What this task involves:
Restate the data exactly as given and keep the pictures out.

Information supplied:
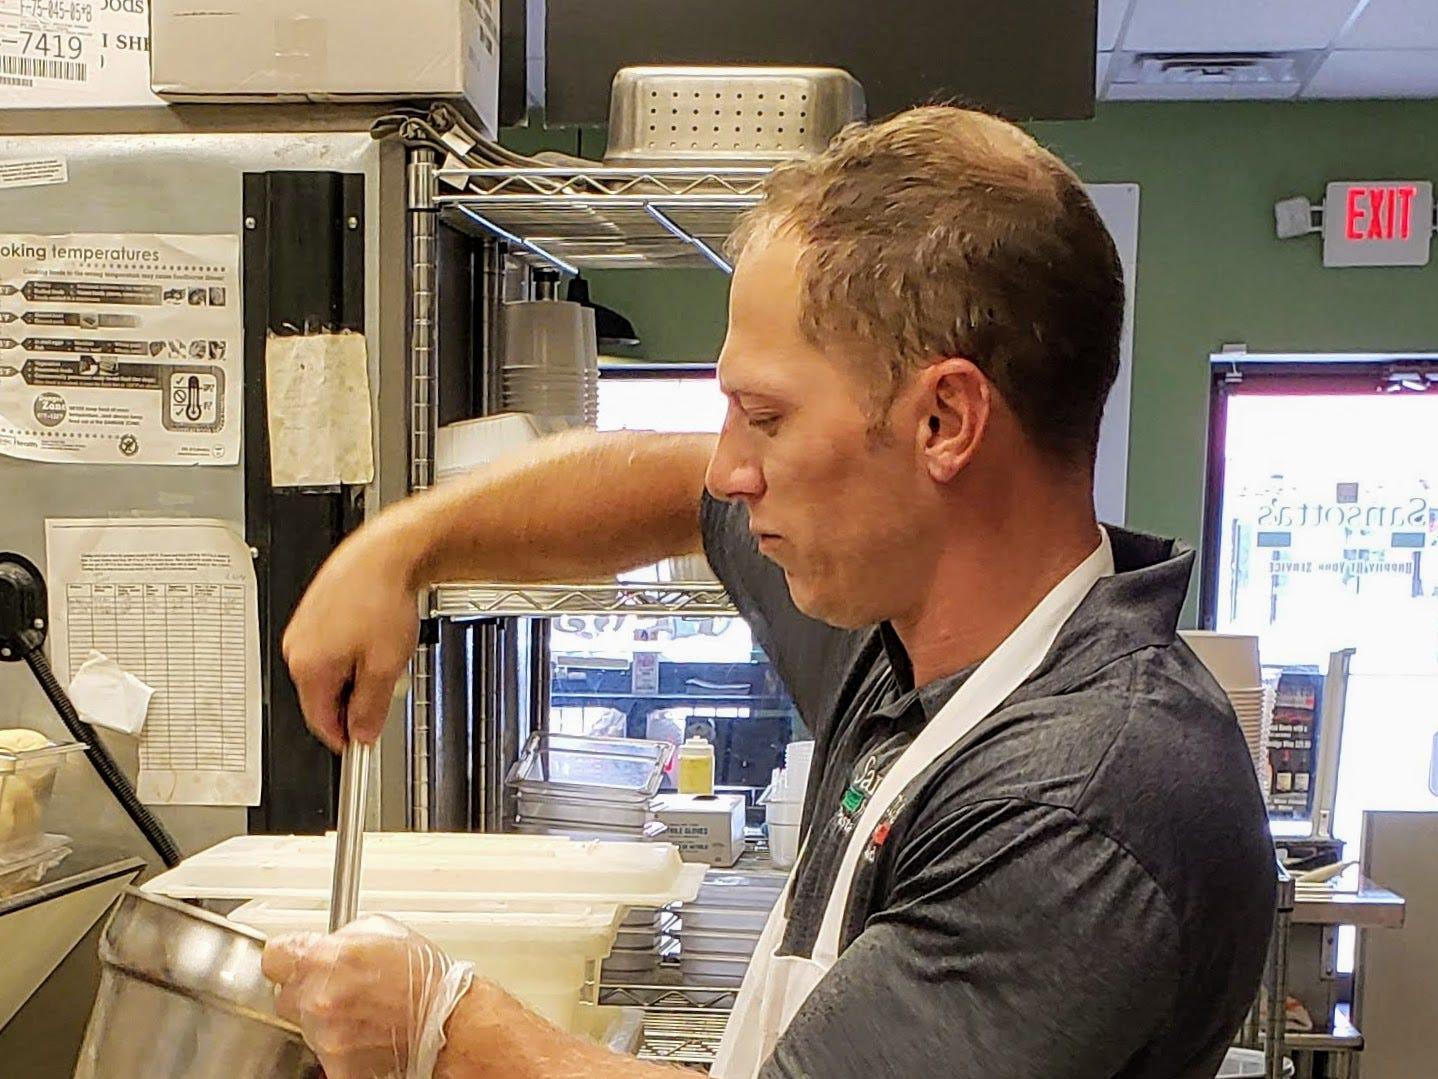 Ralph Cirillo III works in the kitchen at Sansotta's.
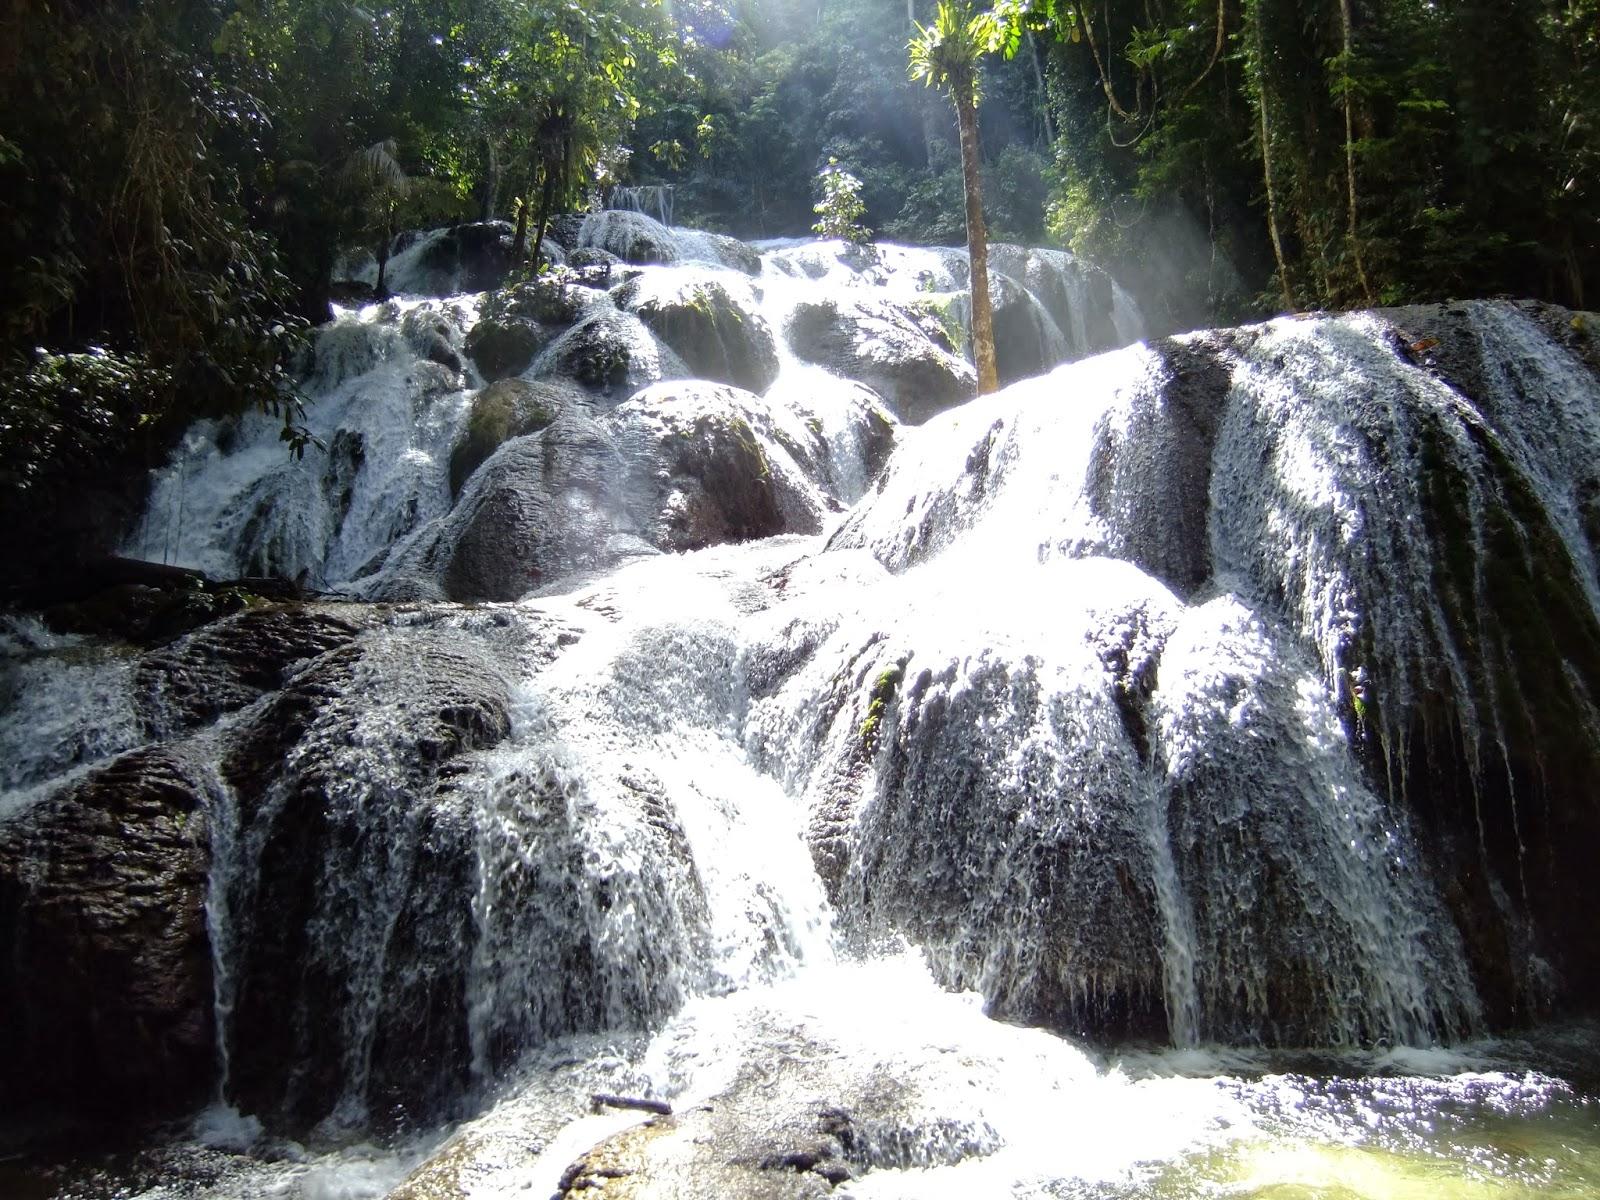 Saluopa Waterfall in Central Sulawesi
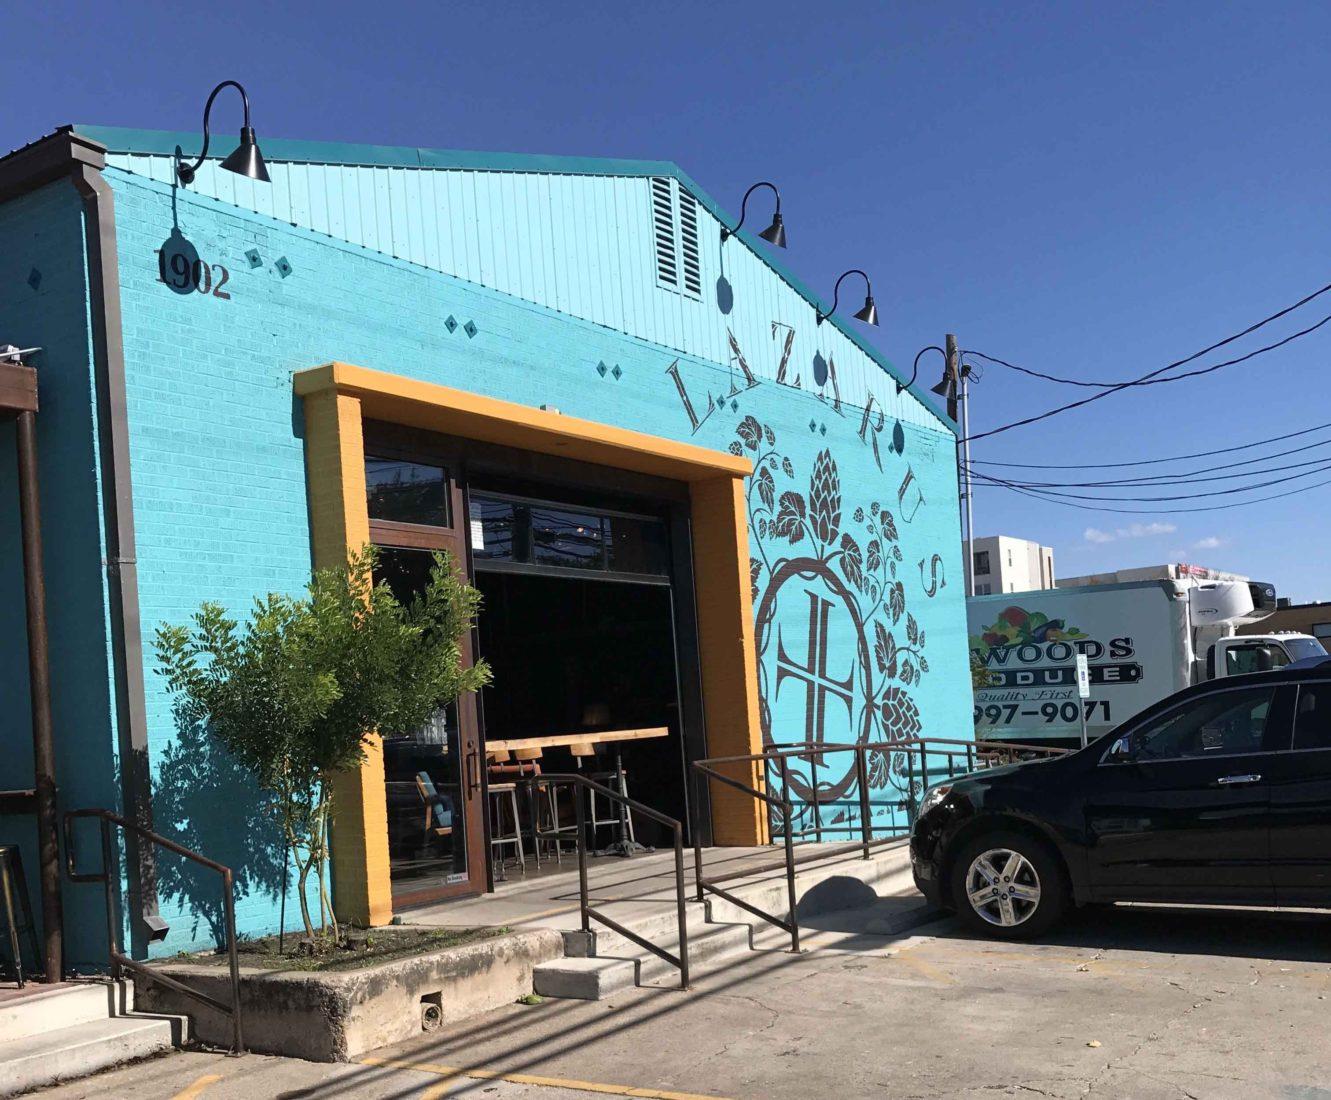 346. Lazarus Brewing Co, Austin TX, 2017

Output of the task:
 Ralph Cirillo III works in the kitchen at Sansotta's.
 Saluopa Waterfall in Central Sulawesi
 346. Lazarus Brewing Co, Austin TX, 2017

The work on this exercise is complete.